Baru’s manufacturing model relies on the use of idle machinery in workshops. Professional, dedicated small manufacturers across the country have already invested in the machinery and software needed for a more automated production line.
“Now here’s the shocking part,” Thomasset explains, “I’ve owned [my automated CNC manufacturing machine] for 13 years. I’ve used it about 2,000 hours which is just one full 40-hour-a-week-year.” So out of those 13 years of ownership, his CNC machine was idle for 12 years.
So while these machines frequently prove to be good--if not great--investments, they’re often left idle or unused for a majority of the time. That massive amount of unused time can now be utilized to make custom Baru orders. The widespread availability of idle automated machines allows for a much wider area of operations. And incorporating machinery also ensures a higher level of accuracy and precision. Pieces can be made local to the customer, to the exact specification they need, and by local craftsmen.
Keeping It Local
Aside from being a more budget-friendly and sustainable process, working with local manufacturers like Thomasset also means that Baru can pivot designs and offerings very quickly.
In a more traditional manufacturing model (mass producing pieces overseas), the turnaround time for any one design is incredibly long. You have a sawyer that goes out into the woods with a logging truck. They select a beautiful tree then cut it up into razor thin panels to be shipped to a manufacturer on the other side of the world. And according to Thomasset, that “treatment or wood panel processing usually results in inferior product quality.” Not to mention the cost of shipping everything back and forth. You could easily end up with 8-9,000 miles on these pieces of furniture--likely already with some wear and tear--before it even gets to the store or warehouse. So if a traditional manufacturing company wanted to test a new design, it would take months just to finish a prototype. Any unwanted furniture pieces (because no company wants to spend tens of thousands of dollars shipping the materials for just one desk or side table) are then left stocked in warehouses.

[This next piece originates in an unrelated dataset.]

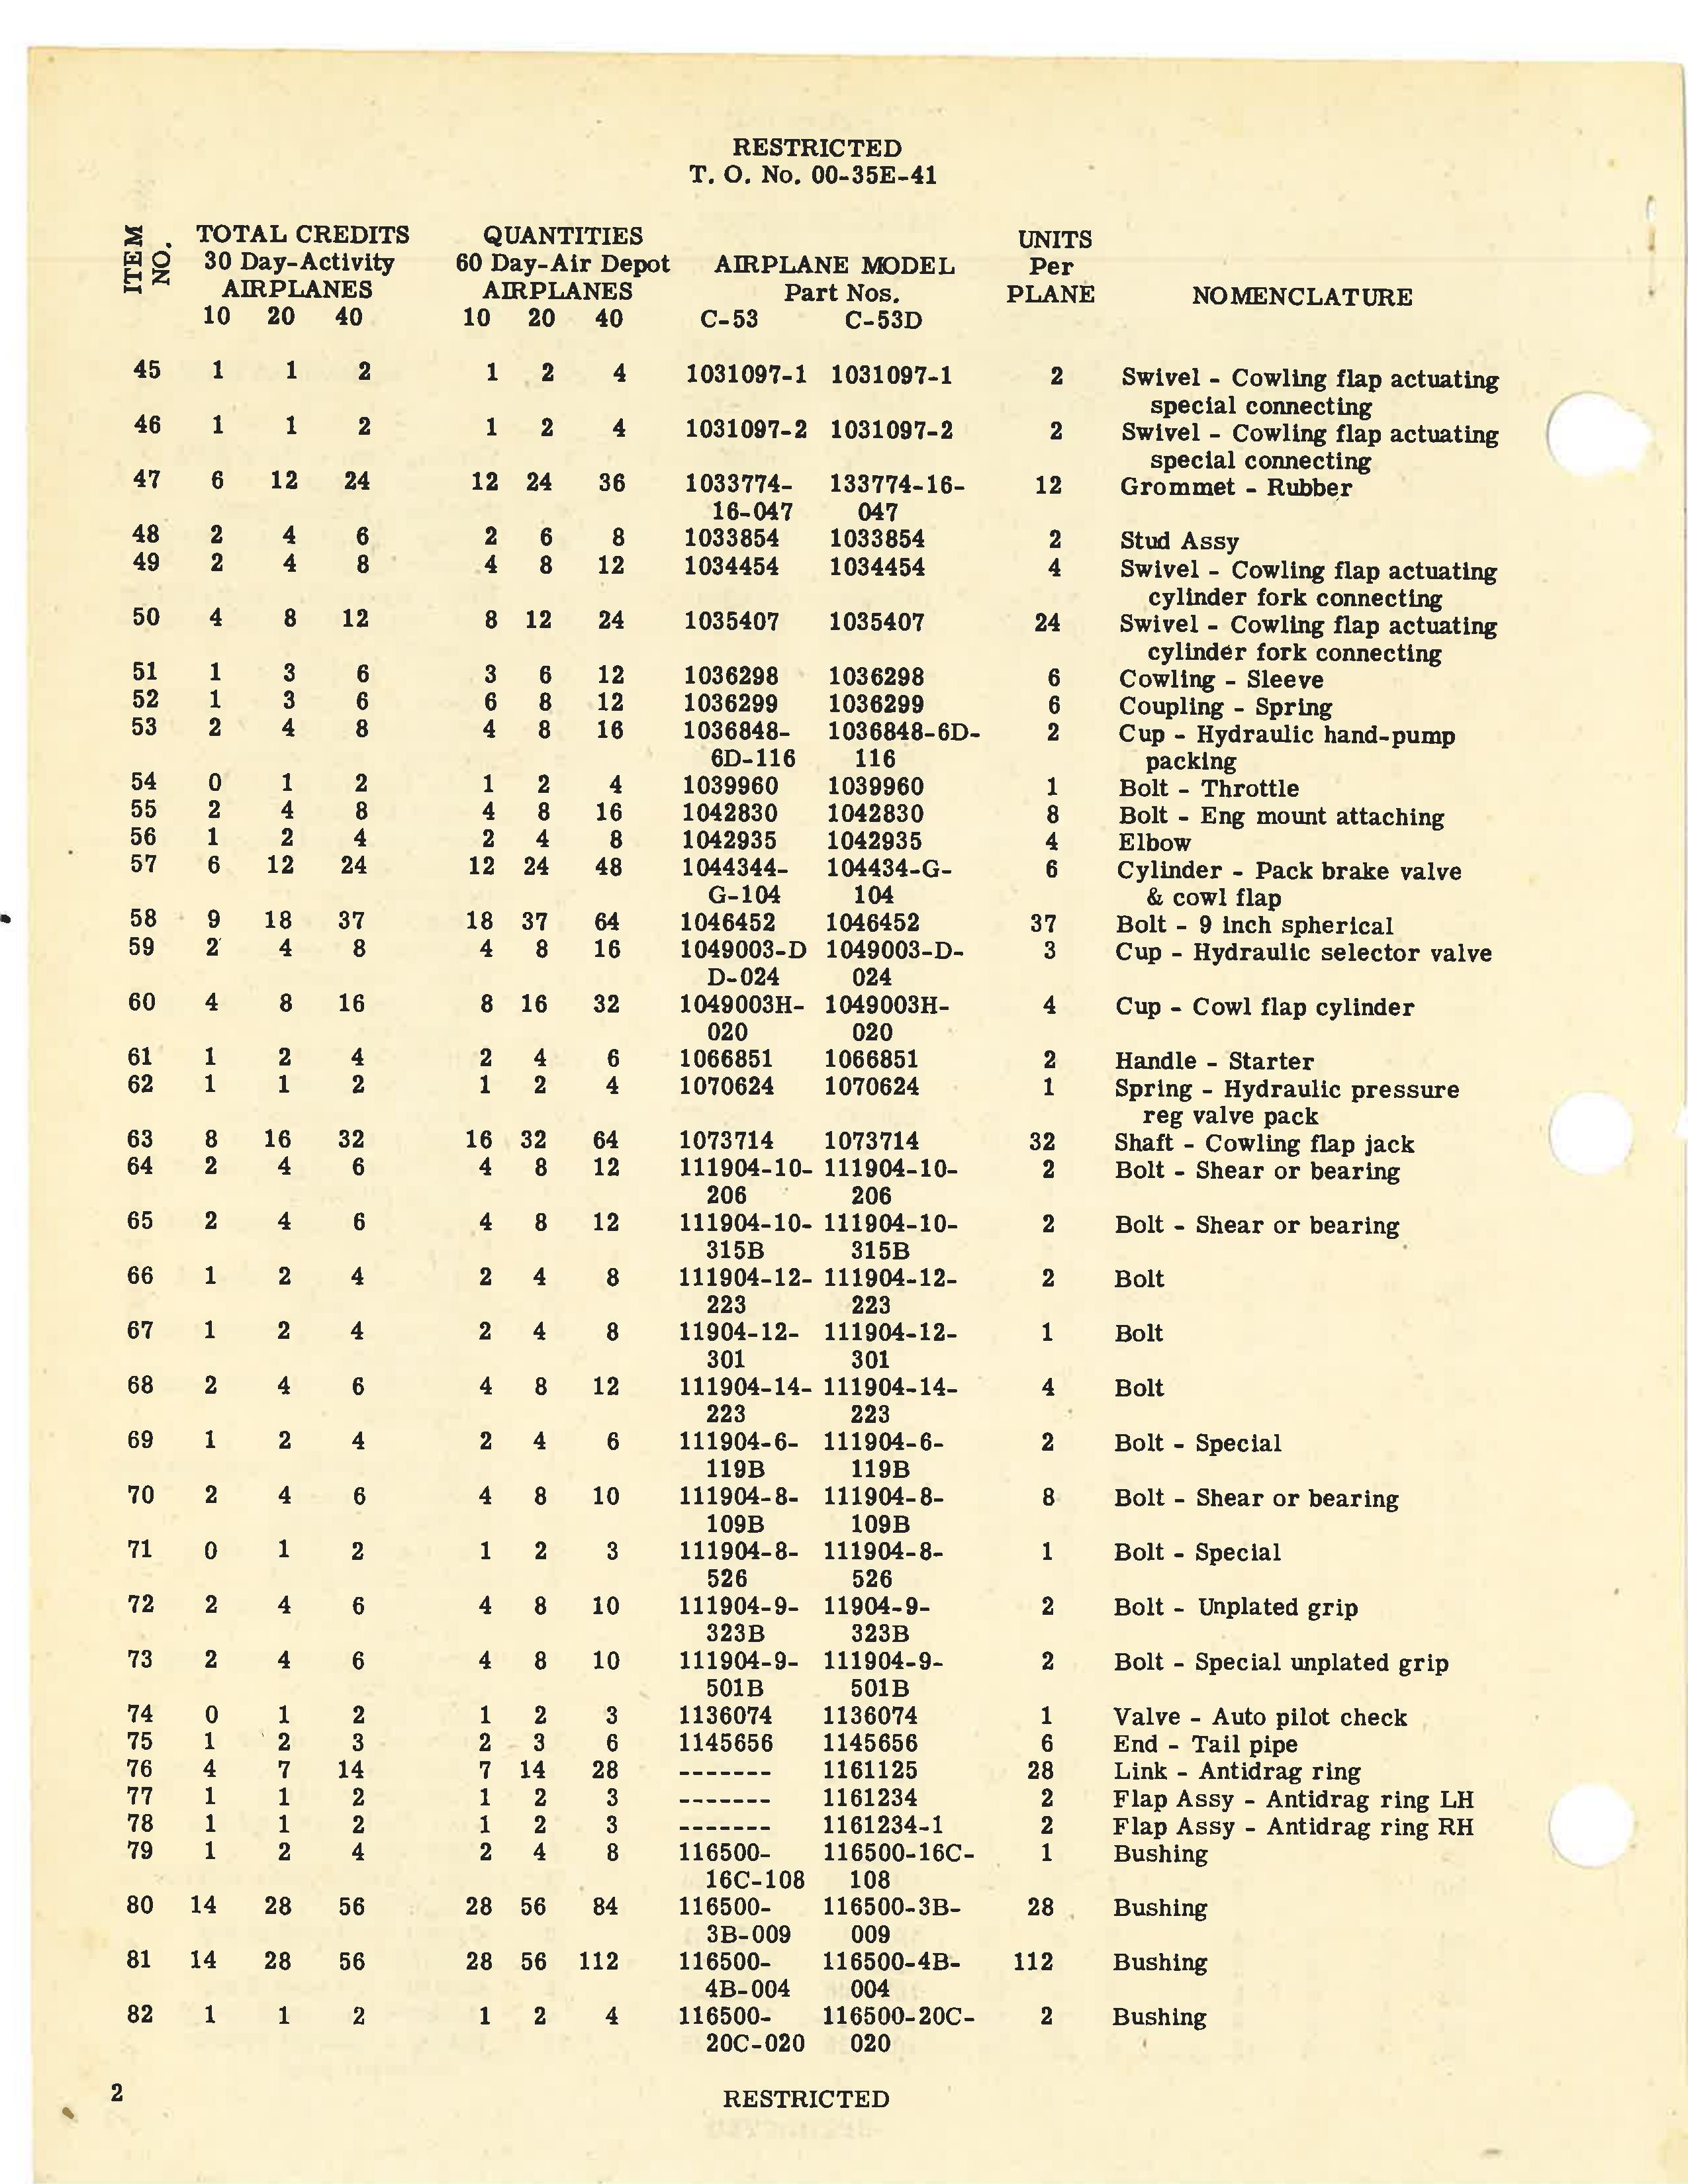 Sample page 4 from AirCorps Library document: Table of Credit Aircraft Maintenance Parts for C-53 and C-53D

But now, instead of overseas manufacturing, Baru uses local carpenters to get new designs out in a fraction of the time and cost. And instead of massive inventories, Baru makes everything to order. All this translates to faster, cheaper custom pieces.
Currently, Baru’s furniture style is predominantly postmodern. The reason being that it has a broad range of appeal and the look lends itself well to more rectangular, linear-type designs local workshops and manufacturing centers can easily construct without needing additional machinery.

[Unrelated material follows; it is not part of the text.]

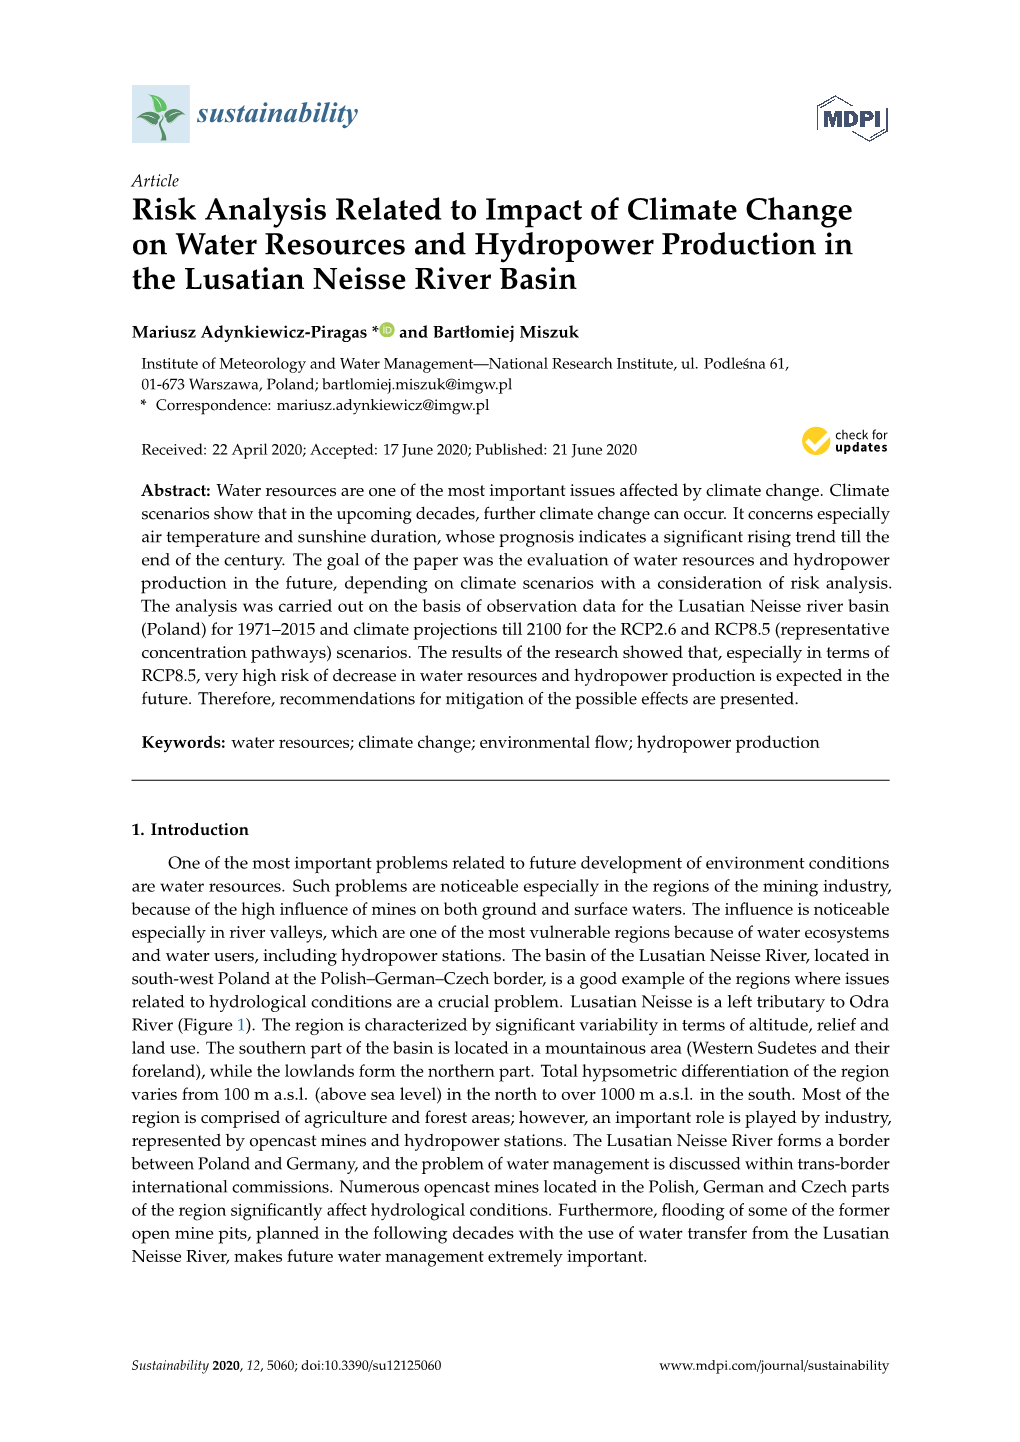 Risk Analysis Related to Impact of Climate Change on Water Resources and Hydropower Production in the Lusatian Neisse River Basin

For the moment, that means staying away from curves and overly complicated designs. But Thomasset, whose portfolio of gallery work contains zero straight lines, is hoping to change that.
Another ambition of his: creating more universal, multi-purpose furniture--pieces that work well for both city apartment dwellers looking to economize space, and open floor plan residents that need to divide their rooms while adding storage.
Thomasset designed one such piece for an electronics show in January 2020. It was a walnut sideboard similar to this desk-console media center with wireless charging on the counter and built-in mini speakers (round magnets that created sound through vibration). The piece had drawers for storage and full spectrum lighting for entertaining. And because it had no bottom, you could open the center doors and pull up a chair to work at the counter, or even attach a TV monitor to its built-in lift.
A sound and media station, working desk, bonus storage, and sideboard buffet all in one single piece of furniture.
“What keeps it exciting,” Thomasset says, “is watching [this model] get passed on to other manufacturing partners across the country.”
Adopting and embracing new technology like this is always an exciting venture. He sees endless opportunity for Baru to grow, maybe even beyond furniture manufacturing. Afterall, so much of modern manufacturing systems are run by a similar form of automated 3D printing. The possibilities, therefore, are really only limited by the industry’s imagination.
We might begin a line of “smart” furniture--pieces with wireless charging and internet capabilities. Maybe we expand operations to include more recycled materials or avant-garde designs.
For now at least, it’s clear the model works. And Thomasset pronounces Baru a win-win-win. Consumers have a selection of affordable custom furniture; Local manufacturers can profit off of their machinery’s idle time, and the sustainably sourced materials and reduced shipping distance help protect our environment.
“There’s zero downside to it.”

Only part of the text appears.